_What is expected_: When you reach a picture, skip it, and retype every line below exactly.

_Data shown_:

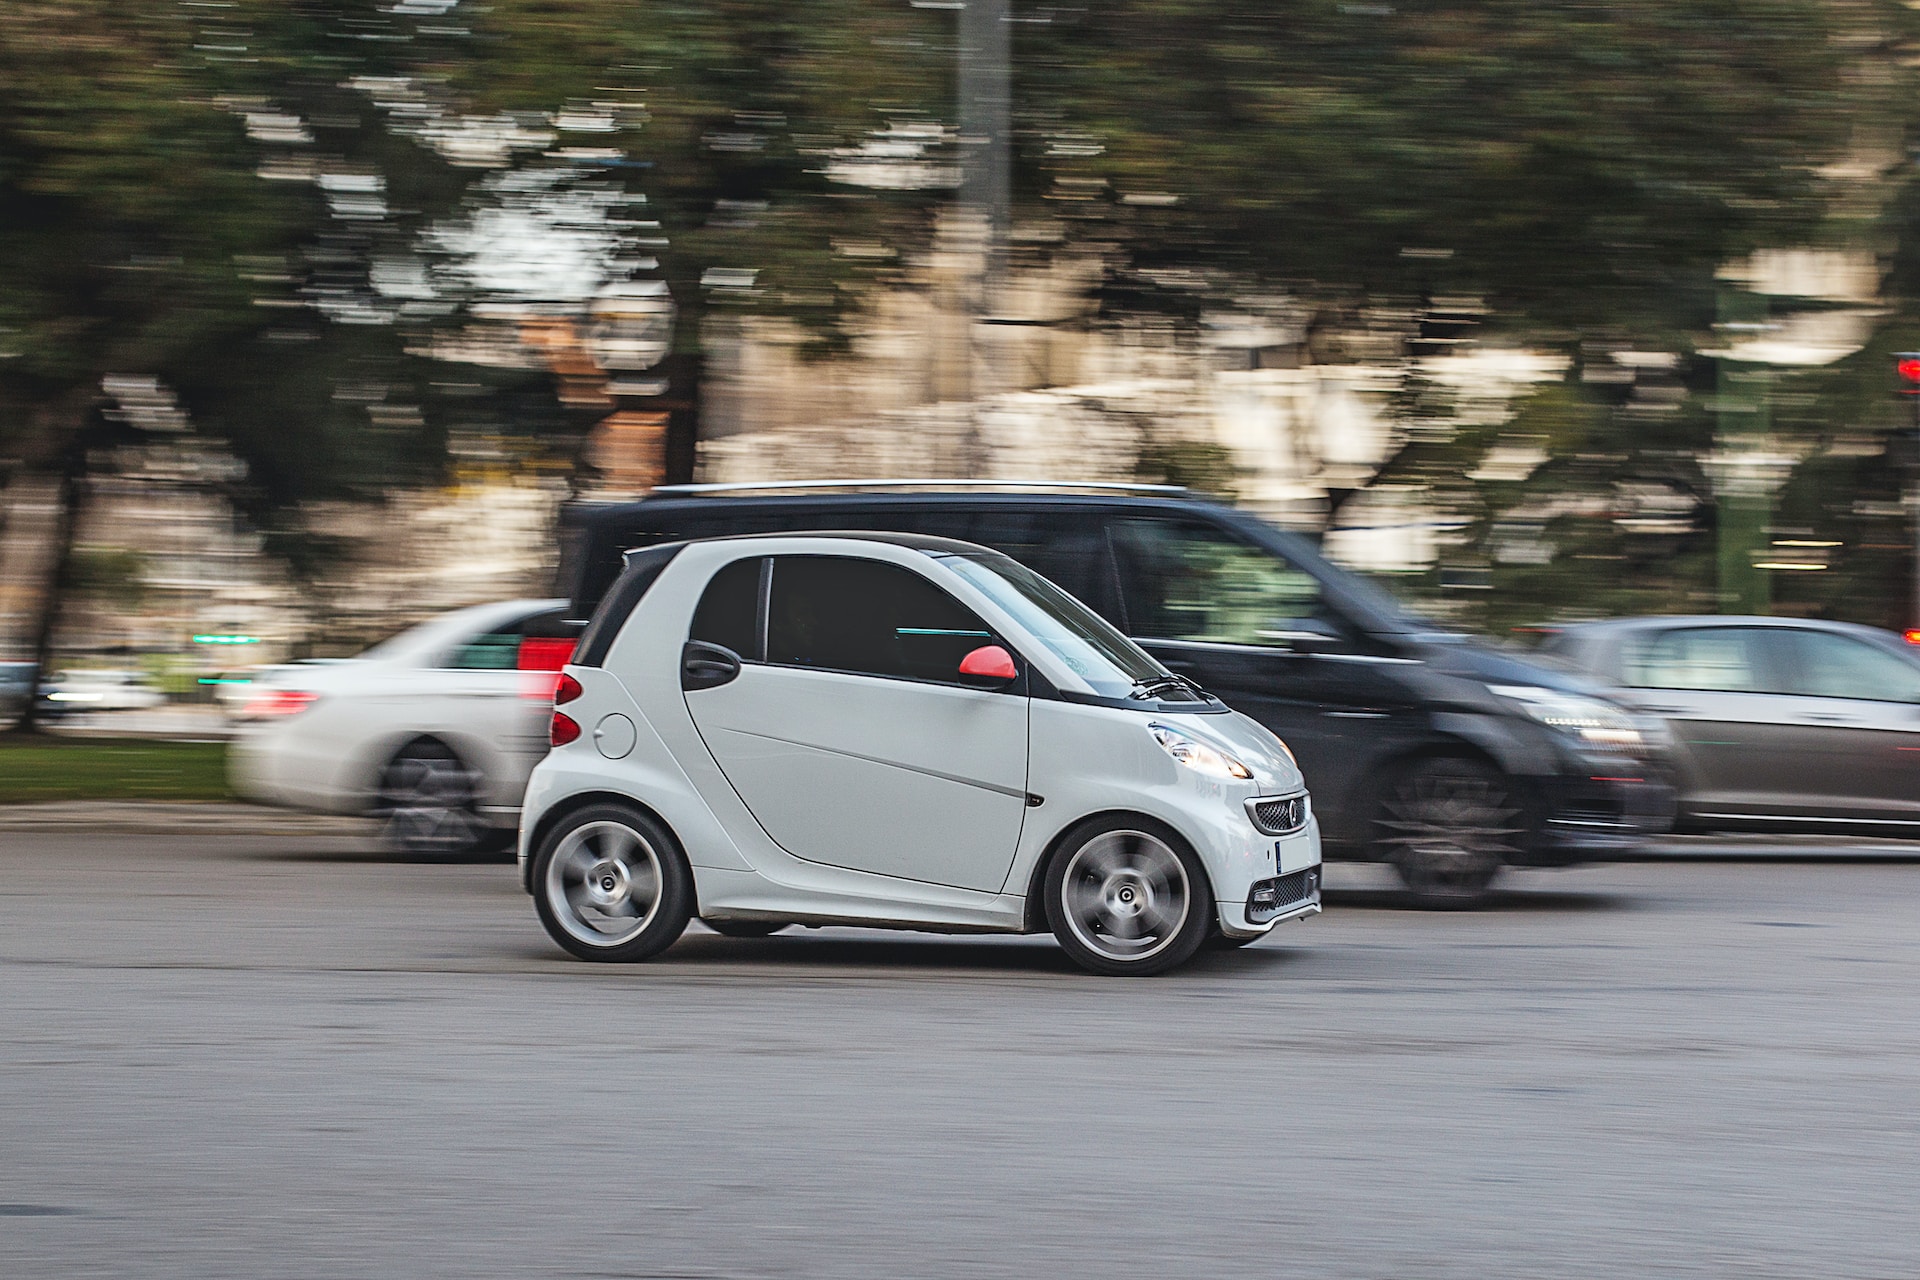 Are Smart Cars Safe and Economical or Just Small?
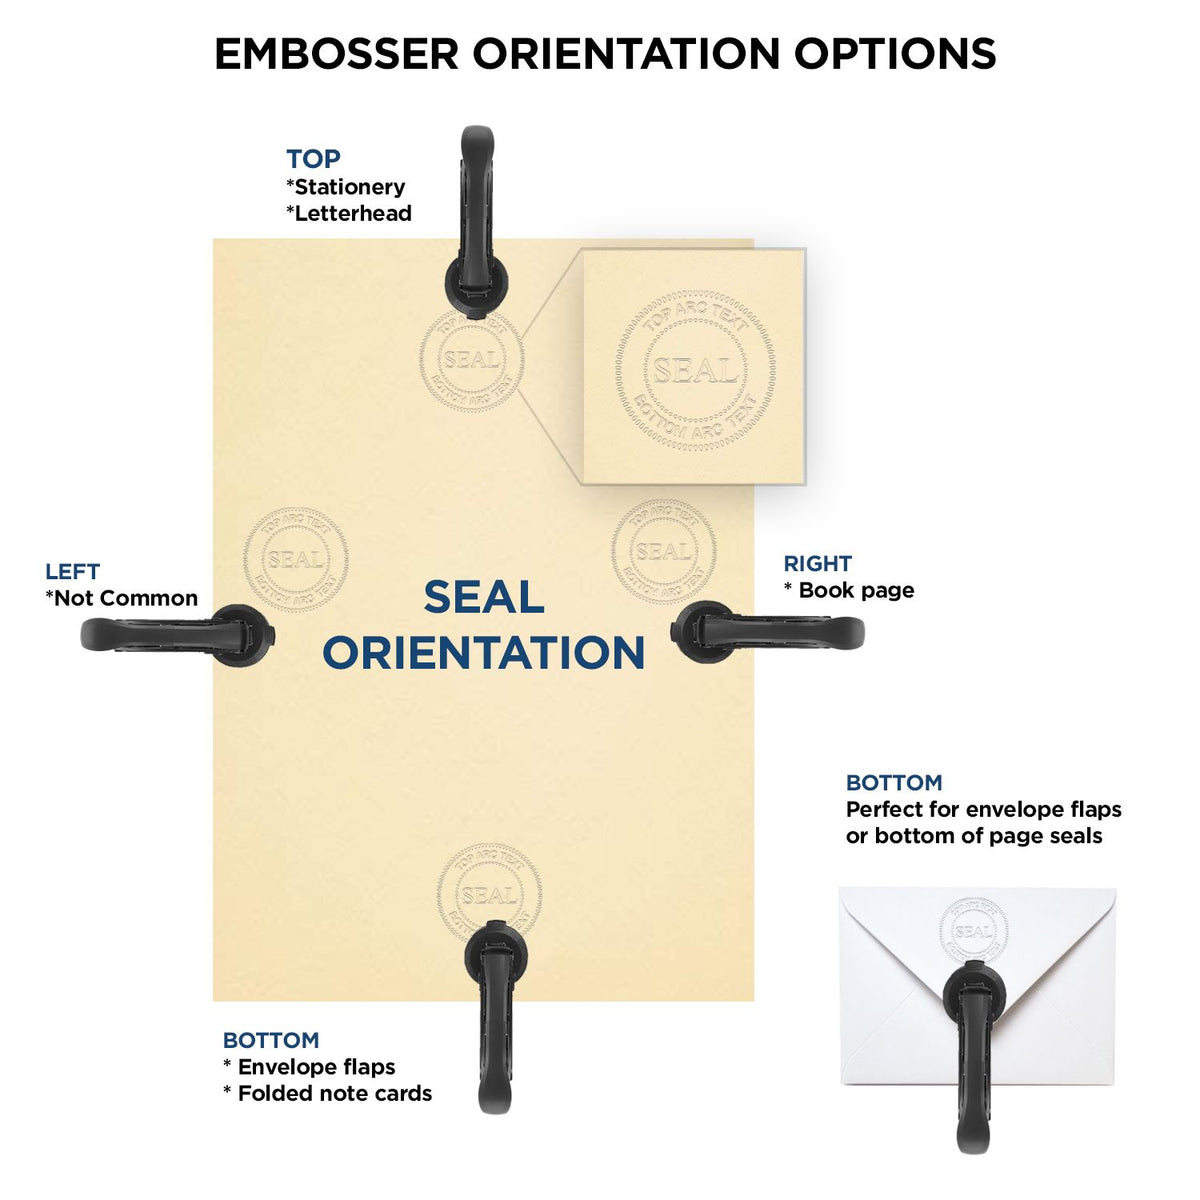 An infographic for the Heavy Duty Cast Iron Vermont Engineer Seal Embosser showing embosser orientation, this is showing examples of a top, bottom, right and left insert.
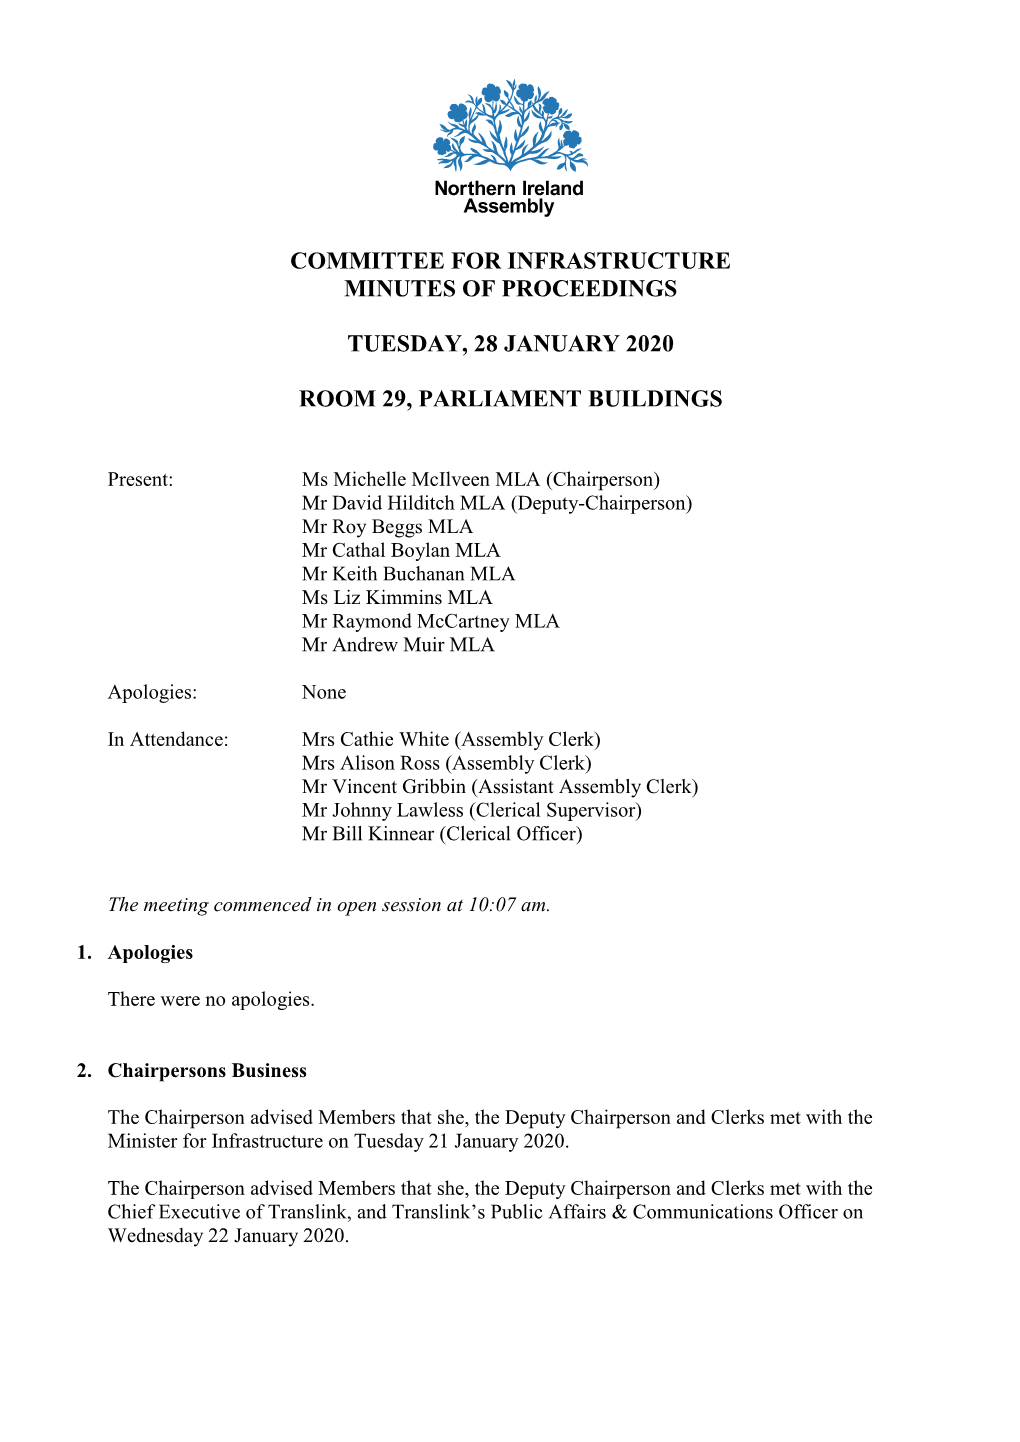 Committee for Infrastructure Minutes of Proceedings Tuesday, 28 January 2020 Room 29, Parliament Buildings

_Result for this exercise_:
 Are Smart Cars Safe and Economical or Just Small?
 An infographic for the Heavy Duty Cast Iron Vermont Engineer Seal Embosser showing embosser orientation, this is showing examples of a top, bottom, right and left insert.
 Committee for Infrastructure Minutes of Proceedings Tuesday, 28 January 2020 Room 29, Parliament Buildings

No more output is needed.